Doing a Google search, I found a reference to the Crystal programming language. Not particularly useful but helpful to have a better understanding of what I am working with.

decompilation

Opening the binary in Ghidra, I found a __crystal_main function which I believe to contain the main code responsible for the program. And this function has more than 1500 lines of pseudocode…

But for compiled languages like this (Rust, Go, etc), most of the code is normally just checking for exceptions, thread management, garbage collection, basically things that are irrelevant to the program. So the job here is to identify parts of code that matter.

At this point, my idea of the program looks like this

void main() {
    input_flag = argv[0];
    input_key = int(argv[1]);

    ...
}

i.e. no idea what it is doing.

Before attempting to reverse the program, I first identified the variables that contain my inputs and renamed them, in order to easily recognize while reversing later.

printing output

First thing I did was to identify where the output was printed, because any code after that would definitely be useless.

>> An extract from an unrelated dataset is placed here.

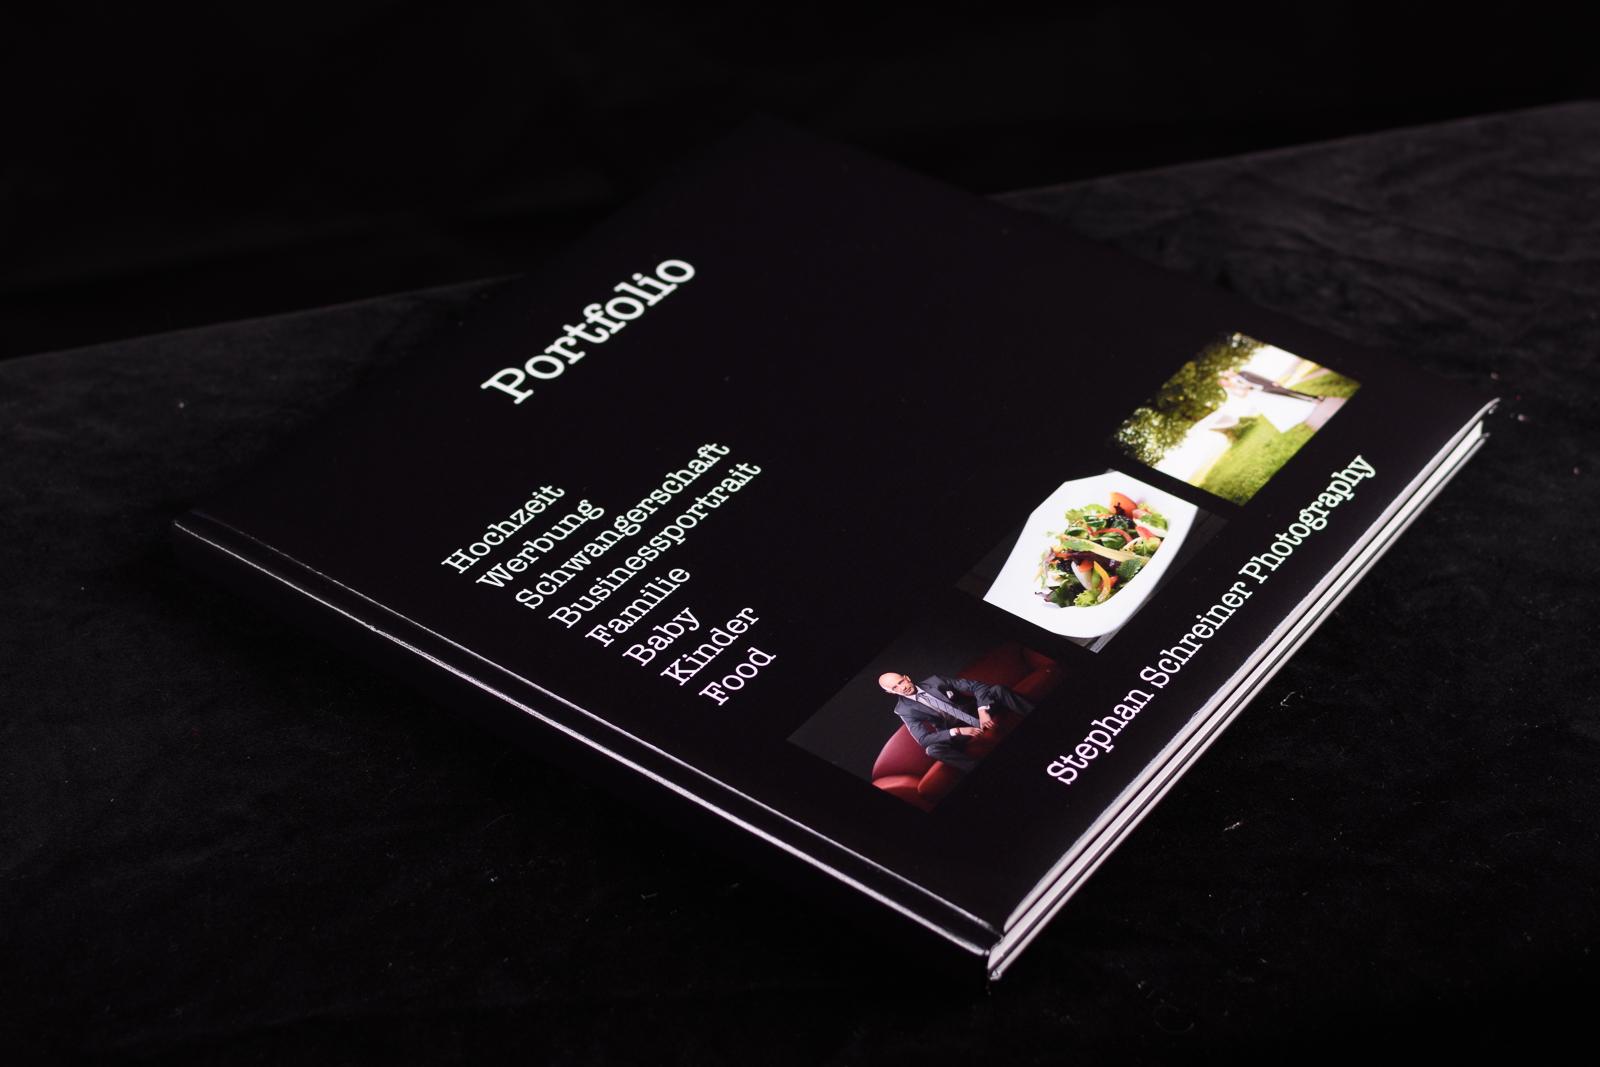 fotobuch_002_stephanschreinerphotography

Because the binary was not stripped, I was able to easily find the line that was responsible for printing the output.

Now the program looks like this

void main() {
    input_flag = argv[0];
    input_key = int(argv[1]);
    
    ...

    print(output);
}

hex encoding

Right above the line of printing the output, there is a loop that contains around 1000 lines. I placed breakpoints at various points around and within that loop, while monitoring the memory.

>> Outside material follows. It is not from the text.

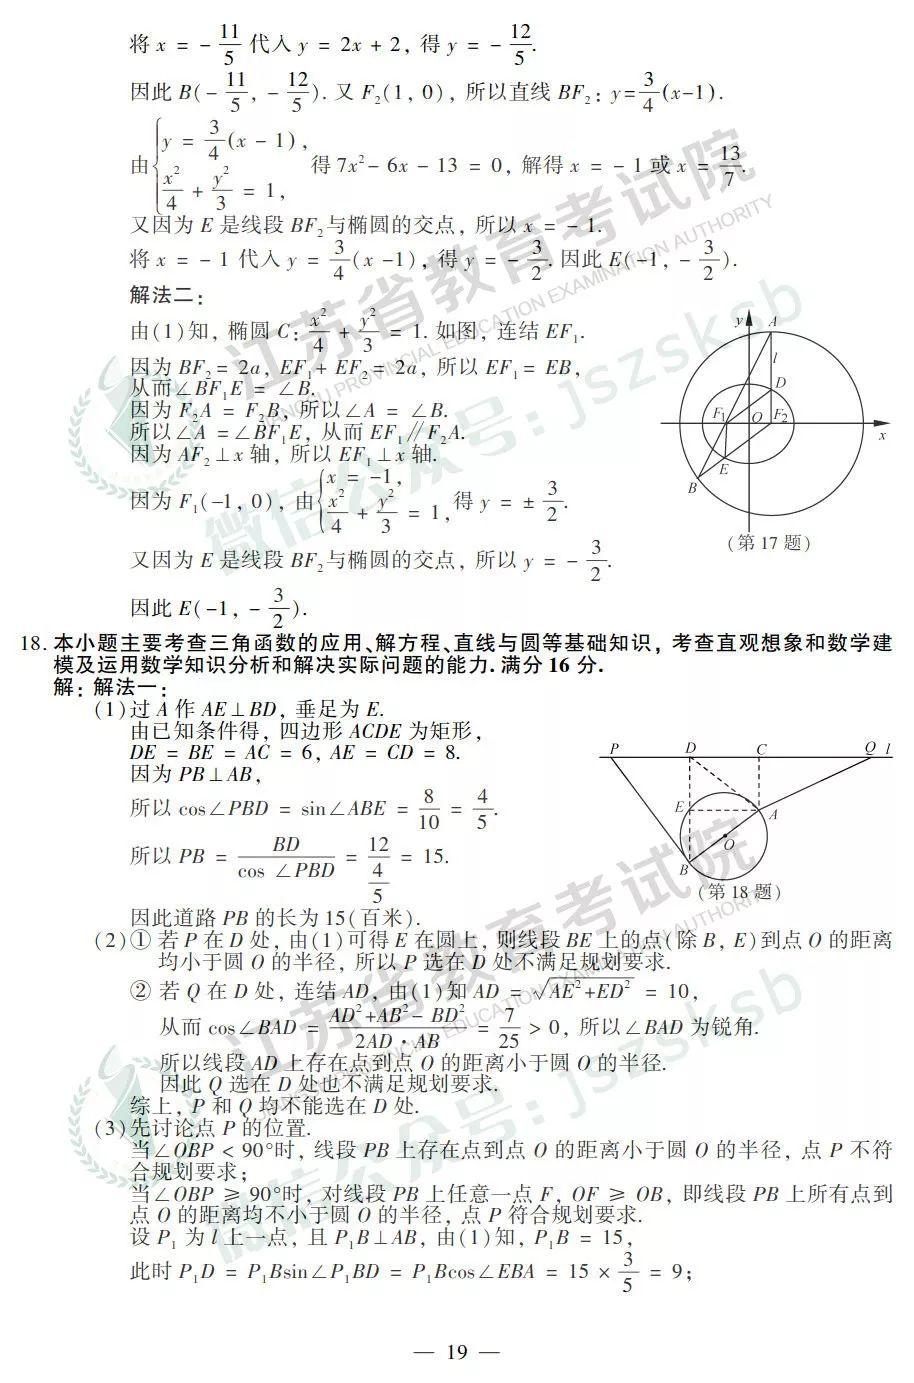 刚刚 2019江苏高考试题 答案公布

Apparently before the loop, the raw form of the output (before hex-encoding it) is already present in memory. Turns out this loop is responsible for hex-encoding the output.

void main() {
    input_flag = argv[0];
    input_key = int(argv[1]);
    
    ...

    output = hex_encode(encrypted);
    print(output);
}

After realizing this, I am down to less than 500 lines of decompilation output.

encryption routine

Above the hex-encoding code is another loop, which runs for 16 times.

void main() {
    input_flag = argv[0];
    input_key = int(argv[1]);
    
    ...

    for (int i = 0; i < 16; ++i) {
        ...
    }

    output = hex_encode(encrypted);
    print(encrypted);
}

At the bottom of the loop, there was a loop that performs byte-by-byte xor of two strings, then another loop that reverses the result and stores it in another string.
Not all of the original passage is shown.